■ RECORDS SHOWN ■

====================

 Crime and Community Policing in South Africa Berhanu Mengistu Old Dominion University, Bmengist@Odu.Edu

====================

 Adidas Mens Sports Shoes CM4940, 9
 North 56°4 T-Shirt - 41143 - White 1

====================

■ TASK ITEM ■
Among the records above, extract exactly the lines from the line with "Adidas Mens Sports Shoes CM4940, 9" to the line with "North 56°4 T-Shirt - 41143 - White 1", both lines included, and leave out the rest.

■ EXERCISE OUTPUT ■
 Adidas Mens Sports Shoes CM4940, 9
 North 56°4 T-Shirt - 41143 - White 1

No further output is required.